Evade

If I’m playing Tongo, then this weekend is my turn to evade. I’m in no position to acquire. I’m not about to confront. And it’s dishonerable to retreat. Or was that from “Legend of the Rangers”? I’m getting my scifi mixed up.

I have been reading. Random stuff, a lot of it. Things that I take my 20% discount coupons to Borders and use-or-lose. While science fiction is my preference in reading, I begin to think that the drought may be permanent there. At least at Border’s, looking for science fiction in the science fiction/fantasy section is the equivalent of looking for filet mignon in the frozen foods aisle. Even if you find it, the quality sucks. Fantasy is what people seem to crave now. Dragons. Magic. Mice in armor. Vampires with second thoughts. Vampires without second thoughts. Yet another pun-filled funfest on some flatworld somewhere. Even the stuff that at least includes a token space ship or alien relies more on the Force or (as a dear, missing friend used to put it) “special mental powers” than on actually considering what the vast scientific changes happening around us might portend for the near and distant future.
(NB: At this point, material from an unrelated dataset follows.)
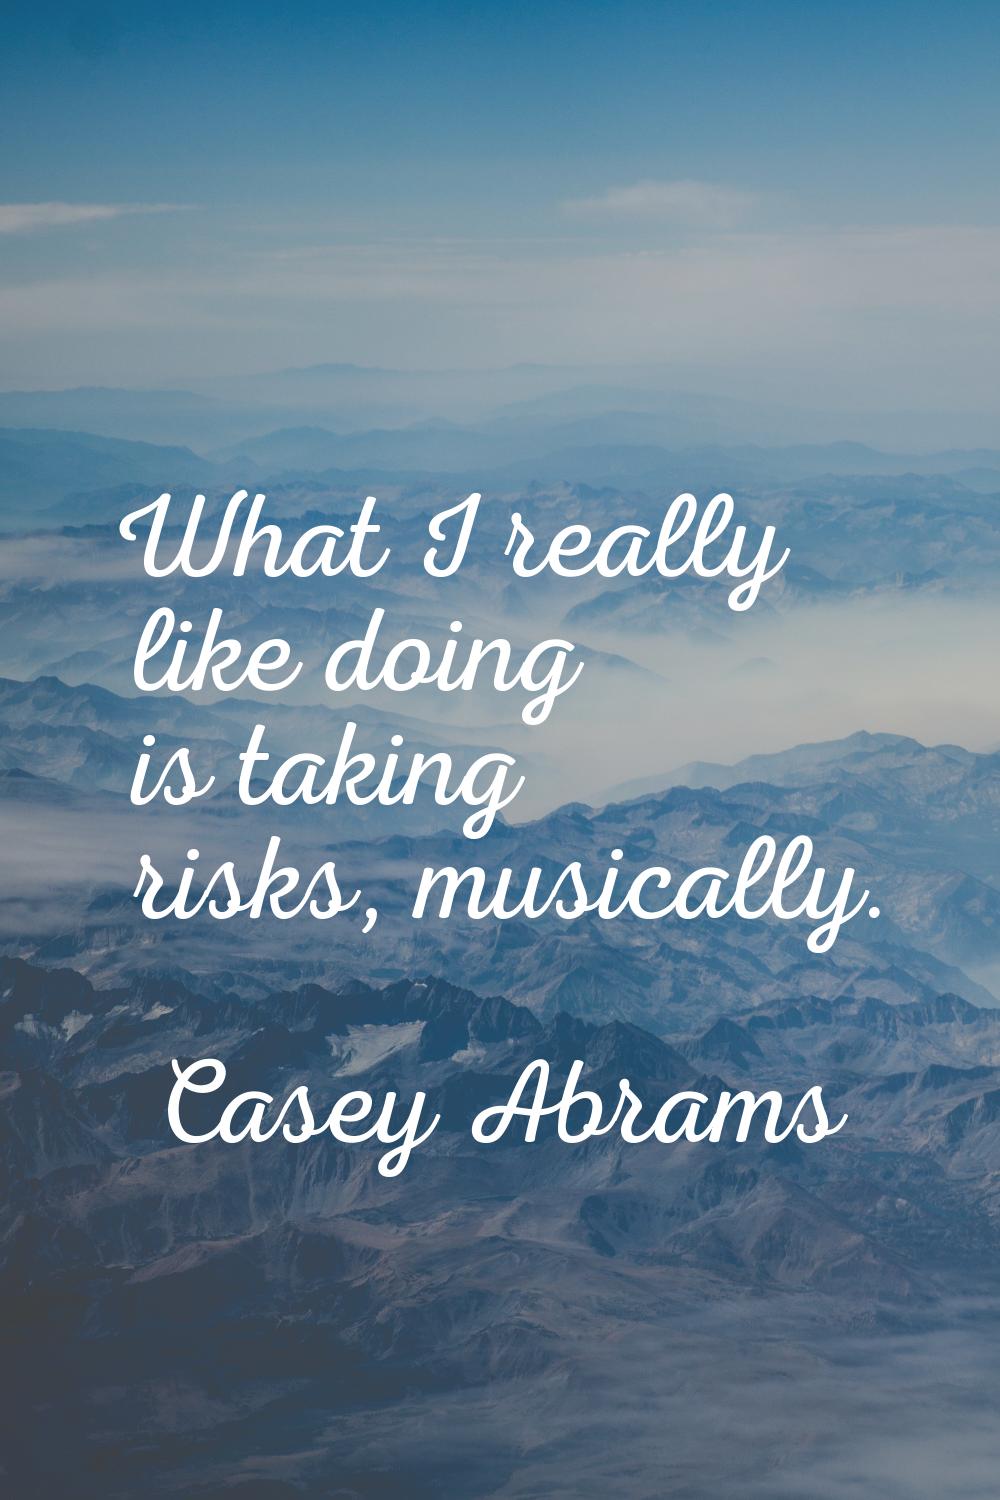 What I really like doing is taking risks, musically.

And the books that do consider this? Don’t look in the science fiction section any more. I specifically went looking for Greg Bear’s newest, Quantico. I thought the bookstore wasn’t carrying it (surprise and dismay there, since Bear has become one of my “must have” authors). I then discovered it hiding under generic fiction. What the heck is the point of having a scifi section if you are afraid to put good authors there? Yeah, I know. People are put off when a book gets labeled scifi. But can you blame them if all they can find in the scifi section of the store is kids waving magic wands? {sidenote: I note that they also refuse to stock Harry Potter books in the scifi/fantasy section. What’s up with that?}

So now, when I go to the bookstore I prowl the softporn romances and shoot-em-up cop thrillers that pass for fiction, hoping to find a science fiction book to call my very own. Last week I thought I’d found that book. “The Beautiful Miscellaneous, by Dominic Smith. Good reviews, well-written, set in the modern day about the search for unknown subatomic particles, with a solid dash of psychology/psychiatry thrown it. I was hooked in two pages. It seemed well researched. It had great character developement I started to really care how the main character was going to resolve his problems, or at least come to grips with them. Then, on page 320 (nine pages from the end), it sucker-punched me with the single most stupid paragraph I’ve ever read in an otherwise well-researched book. Since I don’t have authorization from the author to quote, I’ll just have to describe. The main character goes through his collection of slides of different minerals that his recently decease father gives him. He finds the one he wants, and puts it on his microscope (described as being capable of only low magnification). The single hydrogen atom on the slide appears “grainy, a fuzzy whorl, a thumbprint slightly out of focus”.

I thought it was a misprint, an editor’s helpful tweak that couldn’t possibly have been intended by the author. But no. The girl at the main character’s elbow wants to know what he’s looking at. “Hydrogen,” he responds. “Looks like a gallstone,” she states.

Jeez. I wasted 320 pages getting to THAT?